Single Sample Variant Calling

To call variants using Avocado, use the BiallelicGenotyper command. This command discovers possibly variant sites from a collection of reads. The discovered sites are then genotyped using a biallelic probabilistic model. The genotyping model is based off of the biallelic model used by the original Samtools mpileup variant caller, but adds additional components for modeling a site with two minor alleles, as well as reads that do not match any known allele. The full genotyping model is described in Chapter 7 of this thesis.

To run the BiallelicGenotyper, you must provide two parameters:

  • The path to the input file (in any file format for reads that ADAM can load)
  • The path where the output should be saved as Parquet-encoded Genotypes.

You can configure how Avocado discovers variants to genotype, the genotyping phase, and the hard filters that Avocado applies to the called genotypes.

Reads to Evaluate

By default, Avocado only calls variants in autosomal regions. Avocado does this by inspecting the names of the contigs that the reads are mapped to. Avocado assumes that the contig names start with chr prefixes. If your reference build does not have these prefixes (i.e., chromosome 1 is 1, instead of chr1), you need to pass the -is_not_grc option. To enable calling non-autosomal regions, you can pass:

  • -keep_mitochondrial_chromosome: to call variants on the mitochondrial chromosome.
  • -autosomal_only: to call variants on the sex chromosomes.
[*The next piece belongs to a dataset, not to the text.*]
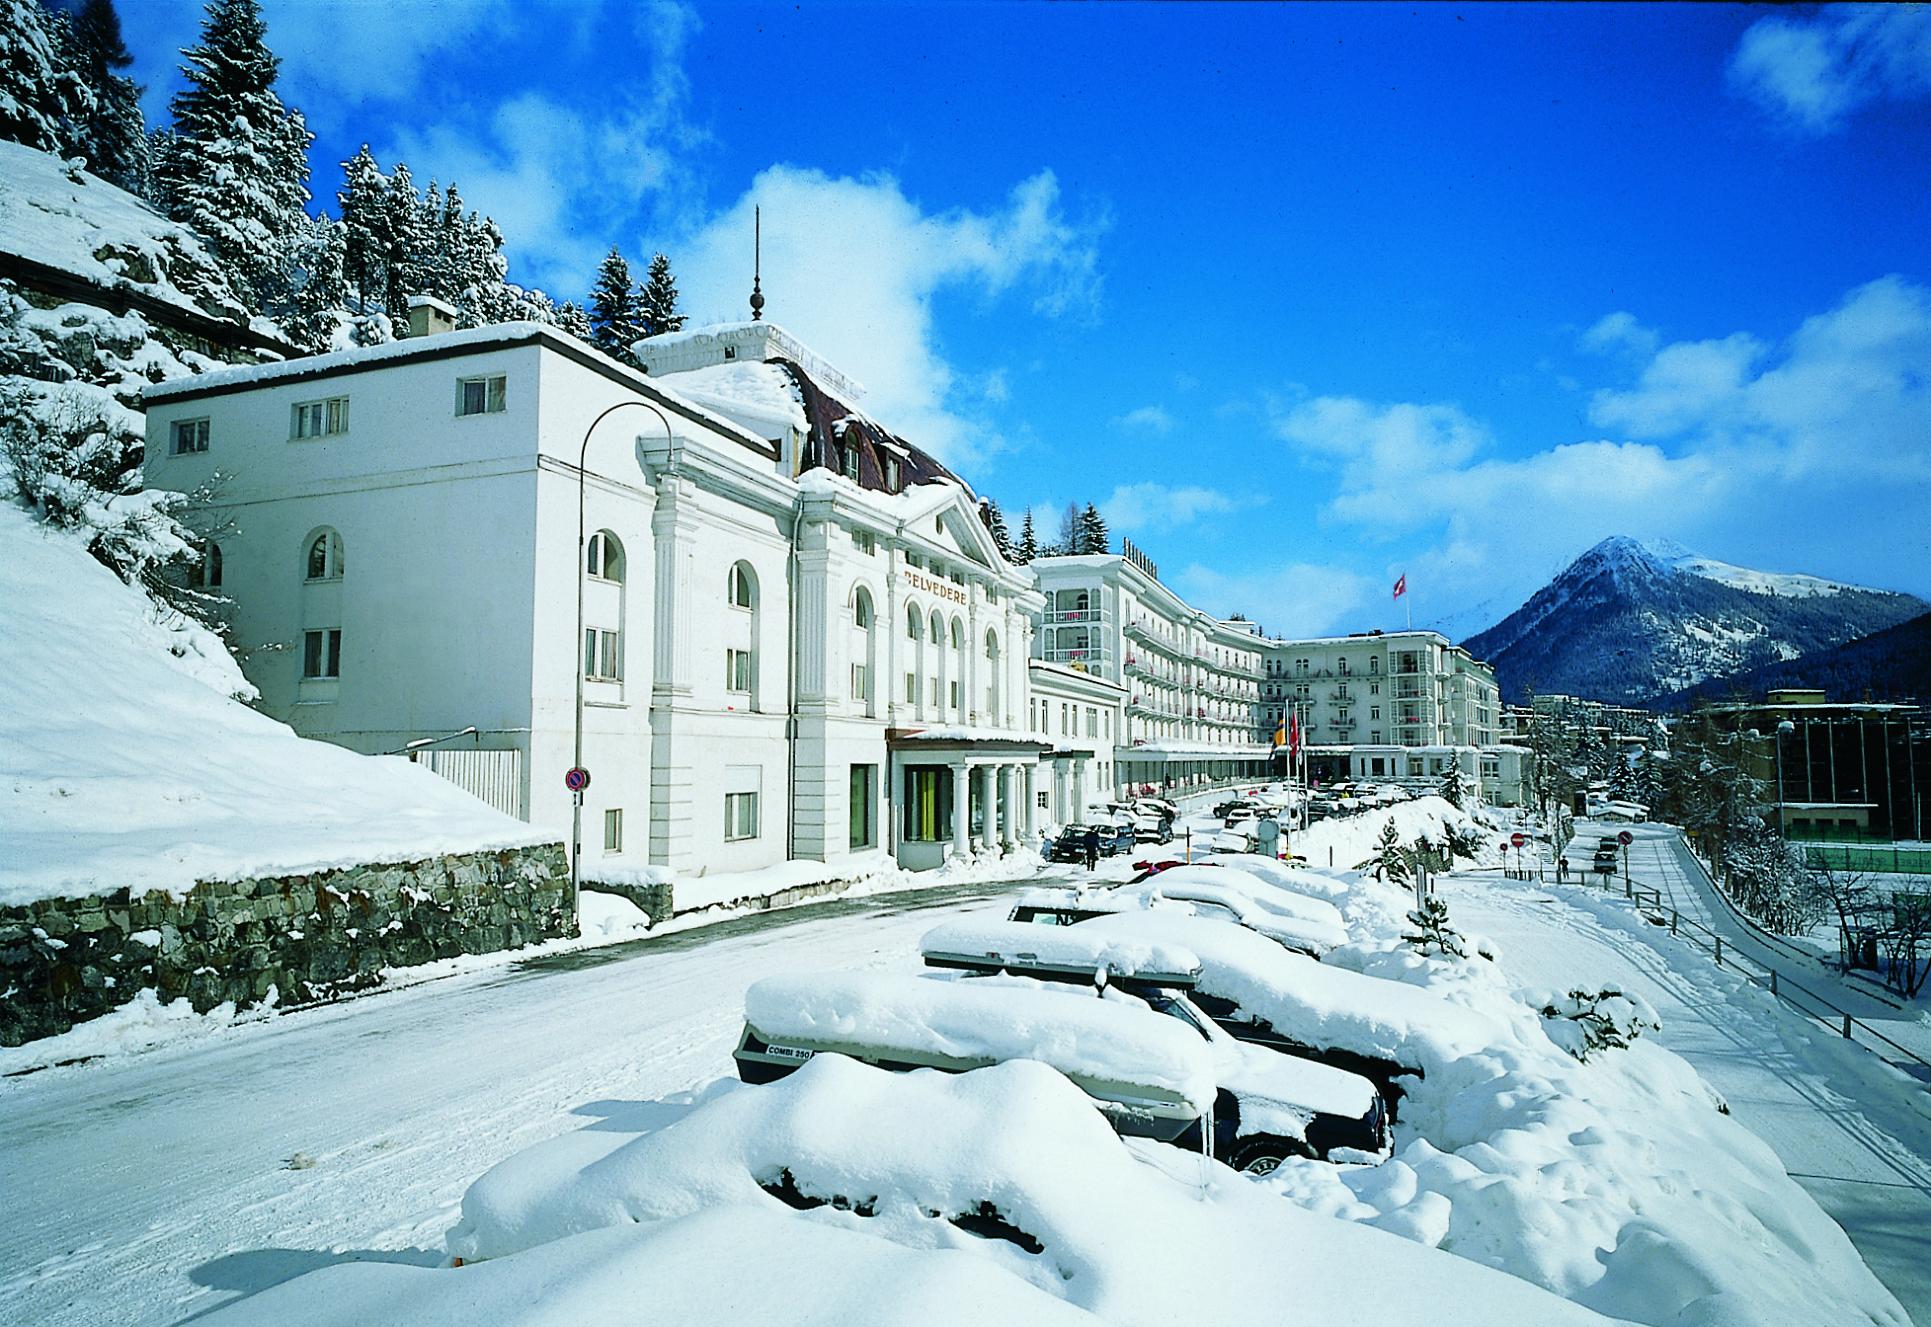 44493_SHR_BelvedereDavos_exterior_exterior33_snow_2.jpg

Additionally, we apply several read quality filters. To disable these filters, you can pass:

  • -keep_duplicate_reads: To disable discarding reads that have been marked as a PCR duplicate.
  • -keep_non_primary: To disable discarding reads that have non-primary alignments.
  • -min_mapping_quality: To change the default mapping quality below which reads are filtered out (default is phred 10).

Variant Discovery

Avocado treats a site as possibly variant if enough alternate alleles are seen with high enough quality. If you already know which variants you want to call, you can skip variant discovery by passing the -variants_to_call flag, with a path that ADAM can load as variants. During variant discovery, you can tune the variants that are discovered with the following flags:

  • -min_phred_to_discover_variant: The minimum Phred quality for a read containing a variant allele to be considered a confident observation of that allele.
  • -min_observations_to_discover_variant: The minimum number of confident observations of a variant allele for us to choose to score a variant.

Genotyping

By default, Avocado only scores the sites we have identified as possible variants. However, Avocado can also emit genotype likelihoods for sites where no alternate allele was seen. This output is not banded by quality and thus is equivalent to a BP RESOLUTION gVCF. To run in this mode, pass the -score_all_sites option on the command line.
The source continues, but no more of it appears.